Novel Compounds, Analogs and Targets

Compound Screening: Our initial efforts at compound screening were completed in collaboration with the NCI-Frederick. In this effort, we screened more than 50,000 compounds and identified mithramycin as an inhibitor of the EWS-FLI1 transcription factor.

We subsequently screened a series of analogs of mithramycin to identify both a more potent and less toxic second-generation analog, EC8105 and EC8042.

Additional cell line screens suggested that a tumor called Rhabdoid Tumor was particularly sensitive to this class of compounds. We characterized the mechanism of hypersensitivity of rhabdoid tumor and demonstrated inhibition of the defining molecular lesion of the tumor, the SWI/SNF chromatin remodeling complex. Importantly, SWI/SNF has been identified by other groups as the complex associated with EWS-FLI1. Therefore, heightened activity in these two cell types may be related to this activity.

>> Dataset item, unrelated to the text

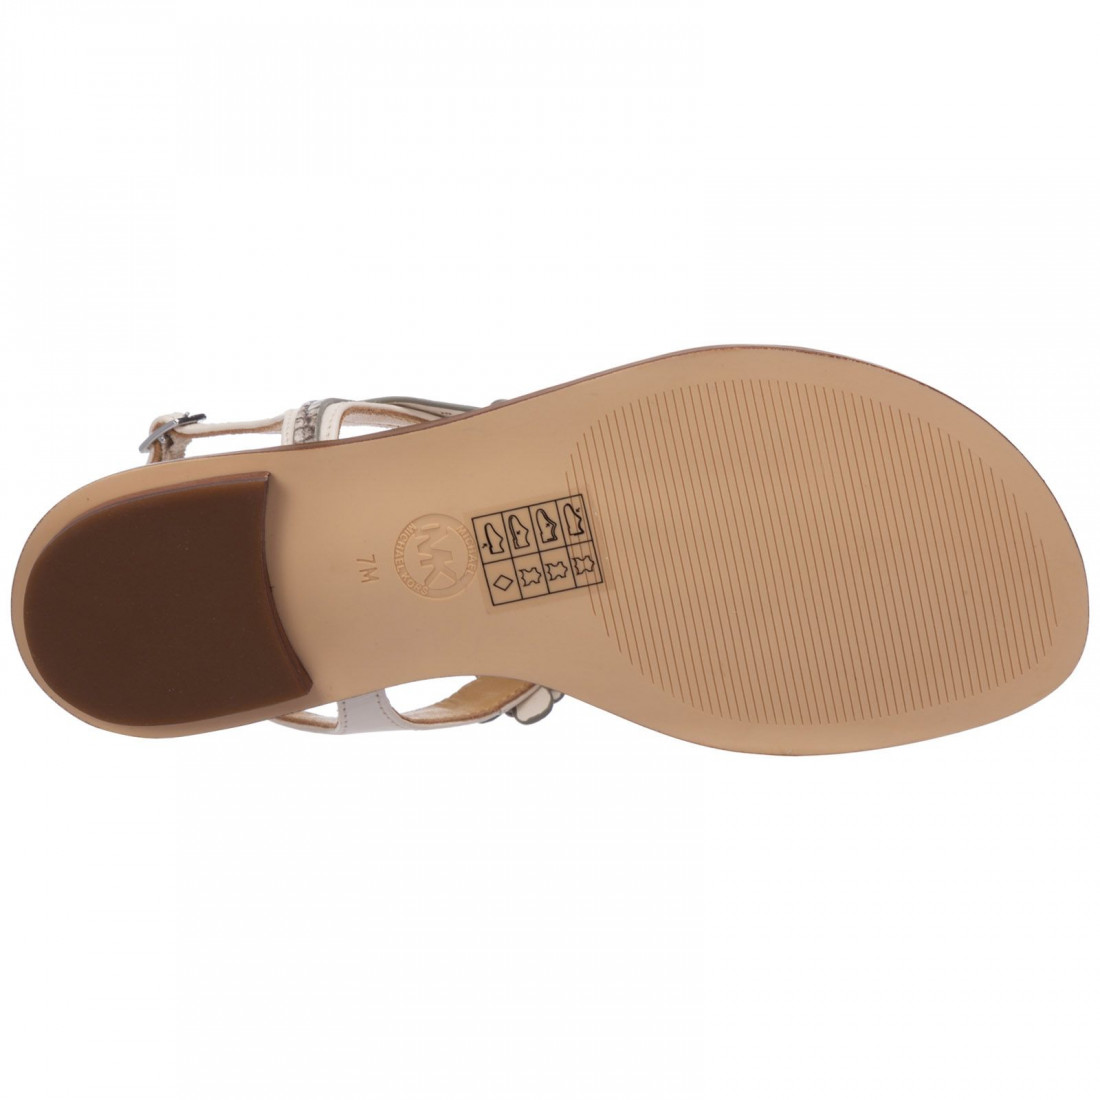 sandals woman michael kors 40s0flfa4l289 7375

Genetic Screens: Our original efforts with genetic screens were in collaboration with groups at the National Cancer Institute. We identified RNA processing as a therapeutic vulnerability in subsets of Ewing sarcoma tumors. We now have the ability to perform genome-wide screens in our lab and collaborate with investigators at the University of Pennsylvania High-Throughput Screening Core.

Matrix Drug Screens: We believe that improving outcomes in high-risk Ewing sarcoma will likely require combination therapies. One approach to identify these combinations is to use matrix drug screening. We have used this approach to identify the combination of mithramycin and CDK9 inhibitors that may both improve activity and limit the toxicity of mithramycin.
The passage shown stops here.